Sin duda los dos remeros comprendieron que aquel punto era el más a propósito para la conjunción de los dos parlamentarios; y ambos dirigieron los esquifes a aquel punto. El primero que abordó fue el barquero de Ison, el cual, por orden de su pasajero, ató su batel a una de las argollas de la estacada.
En este momento, el pescador que había salido de la ribera opuesta, se volvió hacia su viajero para recibir sus órdenes, y quedó en extremo sorprendido de no hallar en su barca otra cosa que un hombre enmascarado y envuelto en una capa.
El miedo que nunca le faltaba, se redobló entonces, y sólo balbuceando, se atrevió a pedir sus órdenes a aquel extraño personaje.

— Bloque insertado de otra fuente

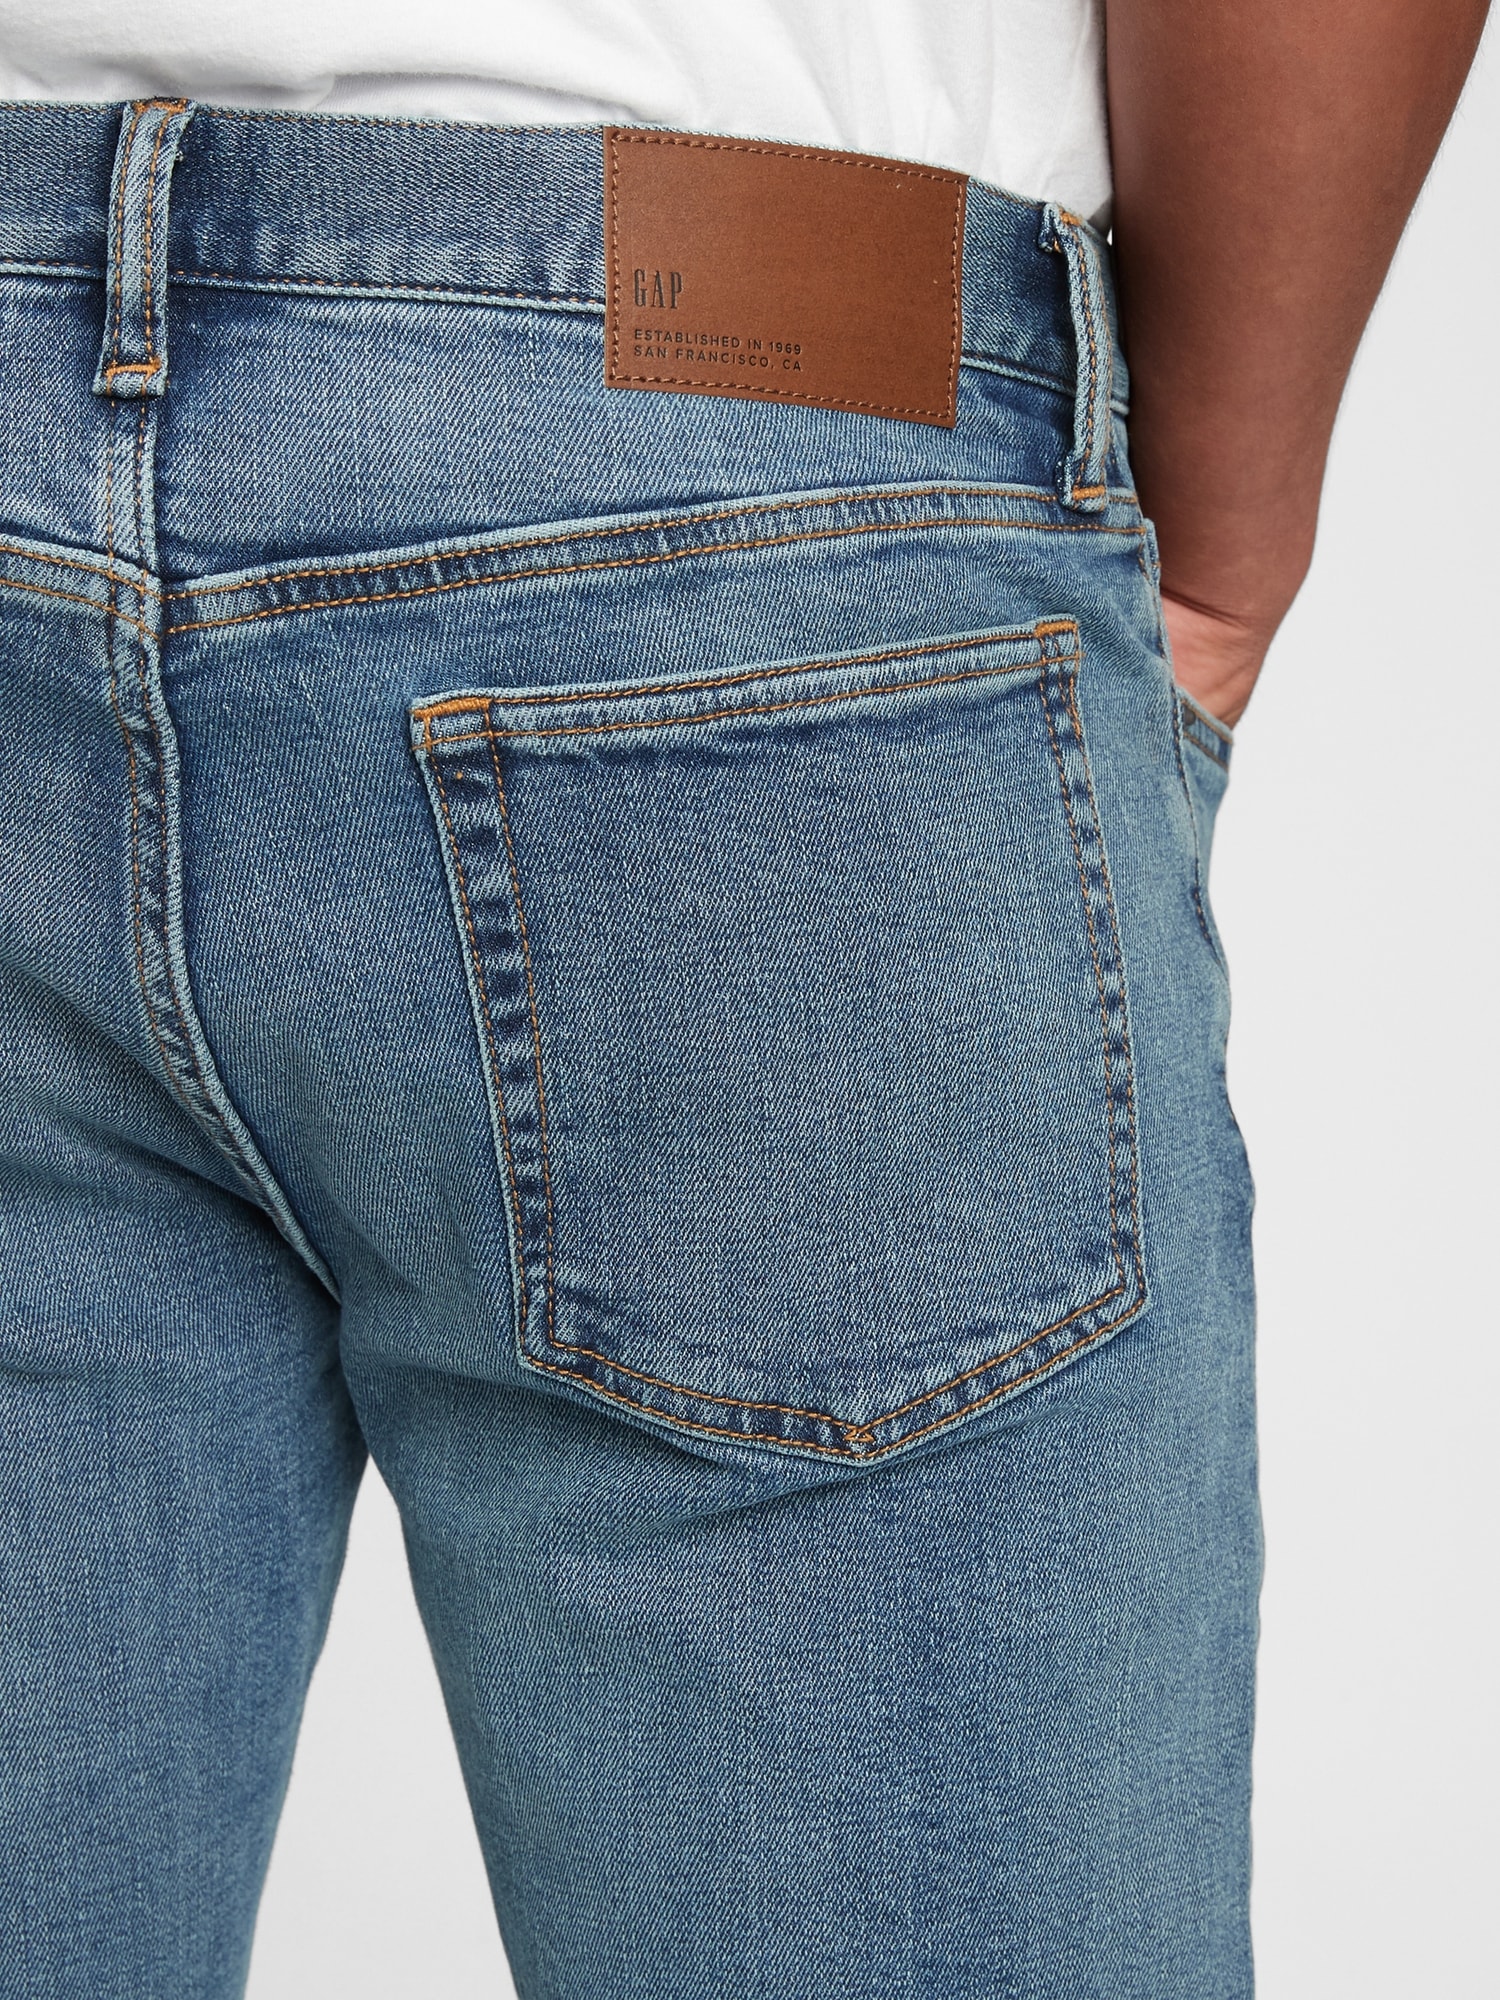 Slim Jeans in GapFlex with Washwell |

—Amarra el bote a ese leño; lo más cerca que puedas de la barca del señor —dijo Cauviñac extendiendo la mano hacia uno de los troncos.
Y la mano con que indicaba pasó del tronco designado, al hidalgo conducido por el barquero de Ison.
Obedeció el pescador, y las dos barcas arrastradas por la corriente borde, dieron lugar a que los dos plenipotenciarios entrasen en la conferencia siguiente.